The lessons we learn often mean more to us when we reflect on them after a period of time has passed. I may not have have the time to sit with my thoughts as often as I would like, but each time I do I learn something new about my grief journey. It is really hard to look at pictures of Bella. Despite my strength and how far I have come, looking back on the memories we made together causes me to break. It’s not the same kind of pain that used to surface but it is definitely painful to think about all that is missing.
I am fortunate to have many memories with Bella captured in photos. I spent all day yesterday organizing thousands of photos I took with my iPhone this past year. Yes, THOUSANDS! When Hudson was a baby, I began to fear forgetting moments of his life. I feared forgetting the sound of his cry, the smell of his hair, his facial expressions and the cute things he would do. After Bella was born, I feared these things even more. I even feared forgetting the sound of her cry after hearing it 9 hours a day for 3.5 months. I thought I was crazy but I somehow knew that I would lose a child someday. I felt a need to have more than one child in case something ever happened to one of my children. I assumed those thoughts were normal fears but now know it was my intuition preparing me for the inevitable.

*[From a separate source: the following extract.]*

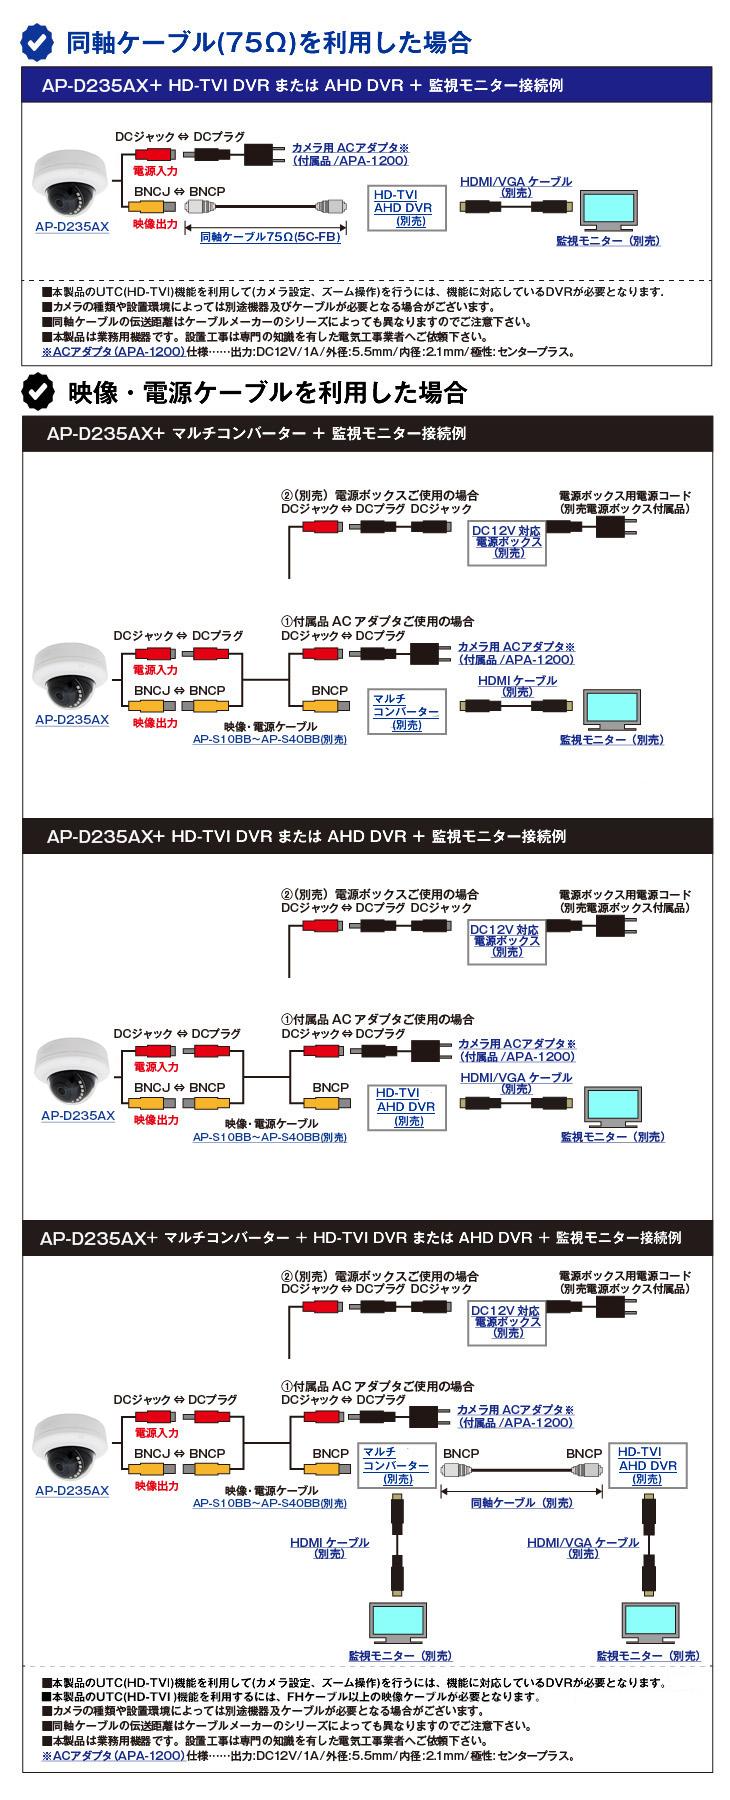 HD-TVI 213万画素防犯カメラ(AP-D235AX)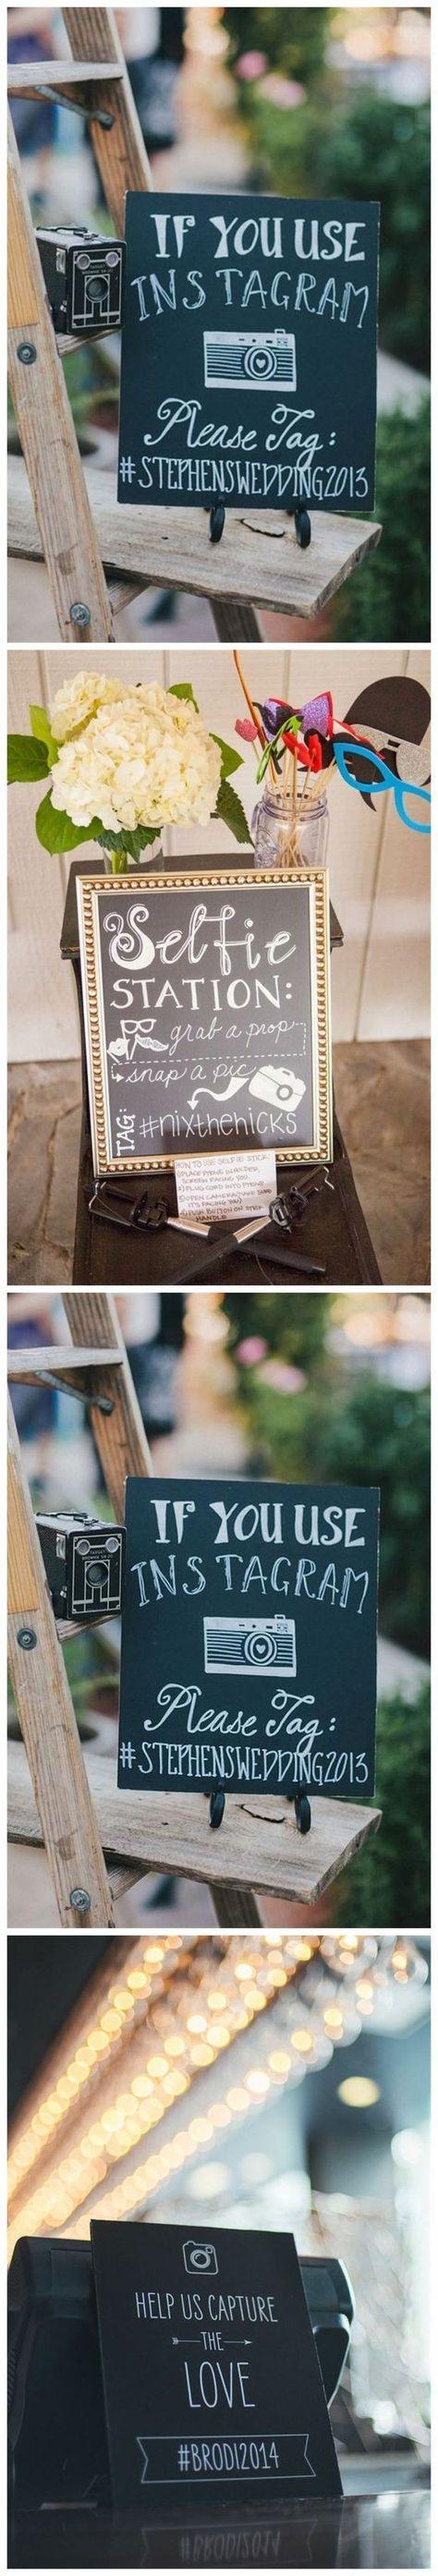 Inform Your Guests Of A Preferred Hashtag For Your Wedding DIY Wedding Ideas | Rustic Wedding Decorations | Elegant Wedding Decor on a Budget |  #wedding #weddingideas #rusticwedding #weddingdecorations #DIYwedding

My intuition is what led me to take so many pictures, and I am so thankful for listening to my inner voice. I took photos of Bella almost every day of her life, many of which I still have not seen. The purpose of Project Life was to post a photo of her for each day of her life, as many days that I was able to. I hoped to complete it before I returned to work, but I returned sooner than I had anticipated. I don’t think I was ready to look through all those photos yet. I’m still not sure I am ready, or if I will ever be. I look at some, a little at a time, whenever I need a dose of my angel.
Photos are memories we never have to fear forgetting. They are moments captured forever. I shouldn’t feel rushed to complete my project as there is no time limit on it. Project Life will not expire. Bella’s photos won’t fade. My memories are safe and I will share them with the world when I am ready.